Sir George nodded, grinning, then said: “Going to be a bit awkward when you reach the end of the rainbow, so to speak. Stripes, perhaps?”
“Certainly, the time isn’t so far off, now. I’ve been wondering about going through the whole spectrum again in satin, or maybe suede—but never mind my nonsense. Let’s see what we can do to put Plummergen really on the map this summer, shall we?”
There followed what was a virtual monologue on Cedric’s part, with Sir George interpolating the occasional remark when his friend permitted. “Of course, it takes years for anyone to reach this sort of standard all the time, but you aren’t that bothered about pretty pictures, are you? From what you told me, that is. Get this Competition of yours out of the way first, and then you can begin on the fancier stuff when you’ve time to take it slowly, and learn as you go along. But if you’re in a hurry . . .”
Cedric clattered his selection of cameras (“My second-best, dear boy, like Anne Hathaway’s bed,”) on the table in front of them, and launched into a long discussion of their various merits. Sir George listened and began to think his old box Brownie hadn’t been such a bad thing after all. Or was it the third glass of brandy they’d each had which made old Benbow so chatty, and himself so confused?

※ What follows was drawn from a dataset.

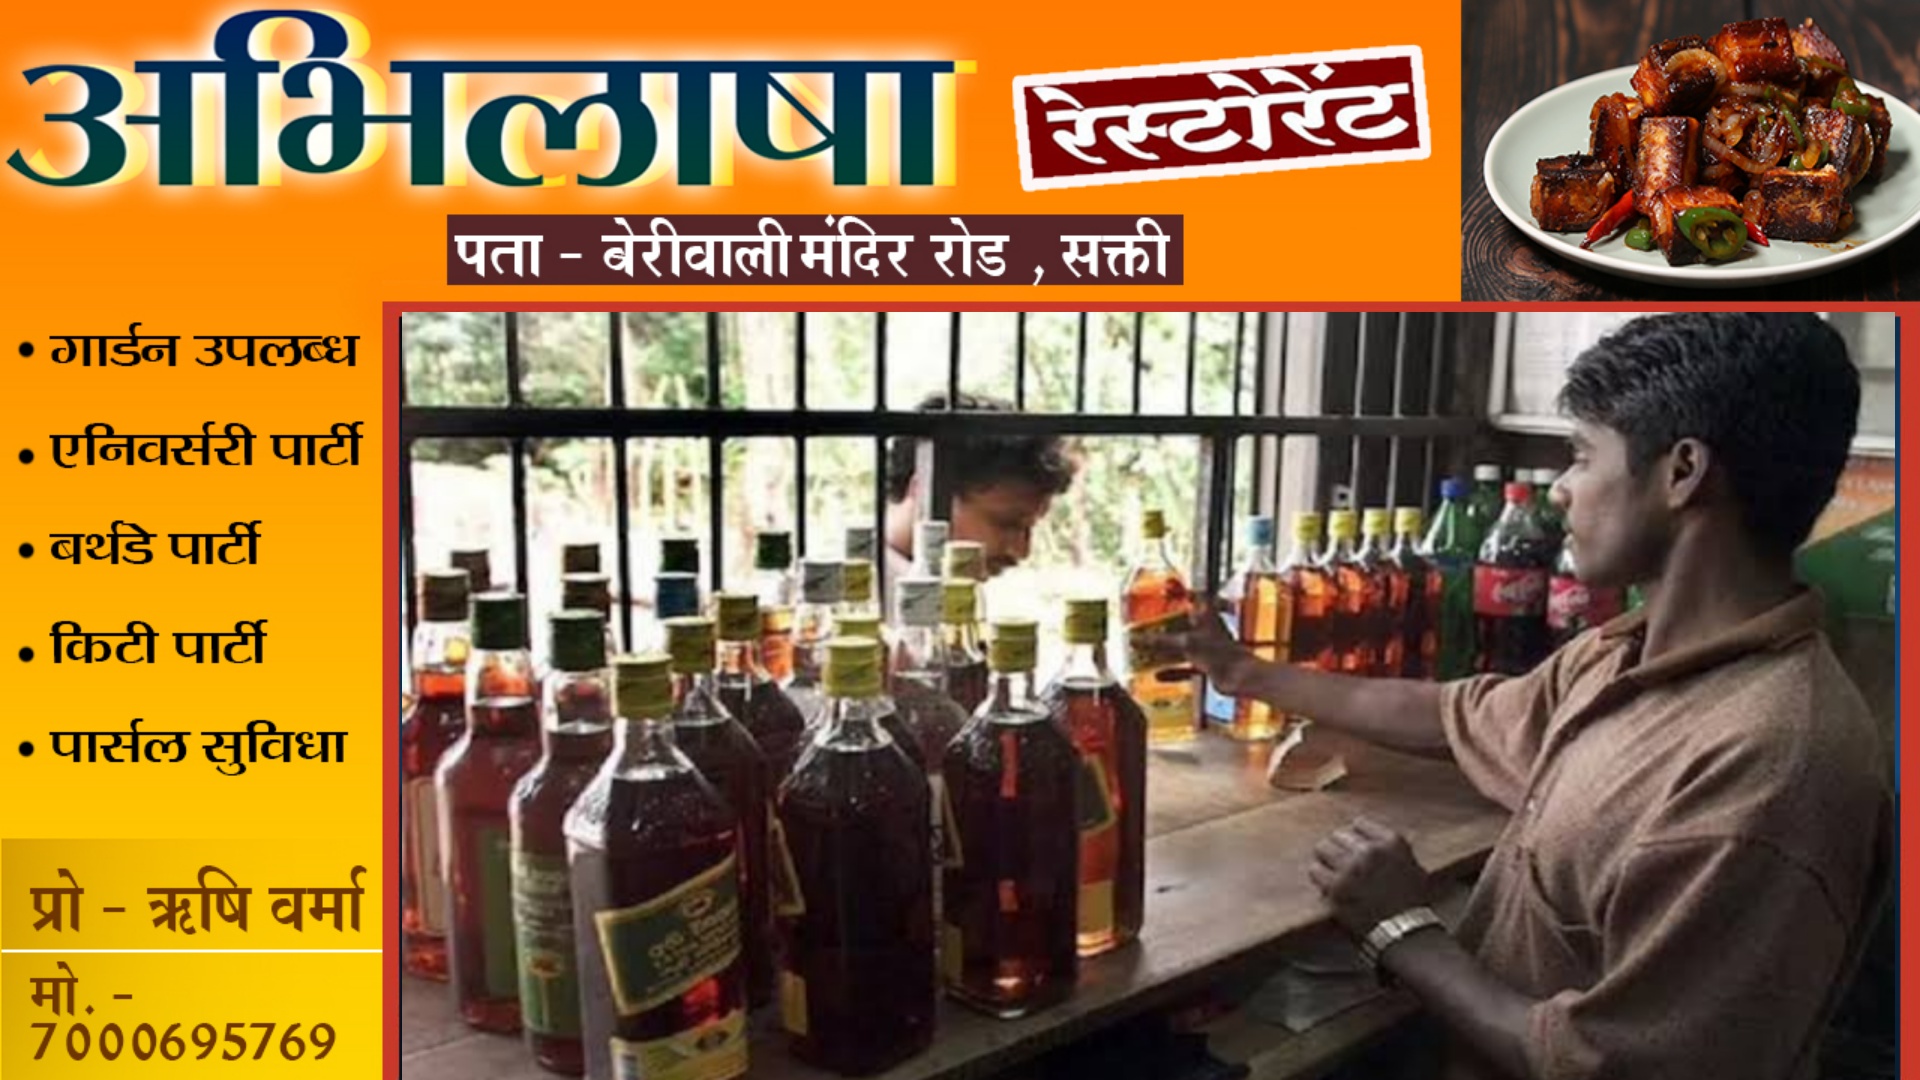 छत्तीसगढ़ - शराब प्रेमियों को बड़ा झटका , जिले के सभी शराब दुकानों को बंद करने का आदेश जारी

“But this,” concluded Cedric, who’d been carried away by the chance of demonstrating his specialist knowledge, “this is the one for you, in my opinion—and I want you to look on it as a permanent loan until you’ve, as it were, grown out of it. If you do. Single-lens reflex, and really an easy camera to use—just point and click, dear boy.”
“All there is to it, you say?” said Sir George, studying the camera doubtfully. “Idiot-proof, you mean? Sounds just the job, but of course I couldn’t borrow it. Expensive piece of equipment like that—write the name down, and I’ll pop off to Harrops tomorrow and buy—”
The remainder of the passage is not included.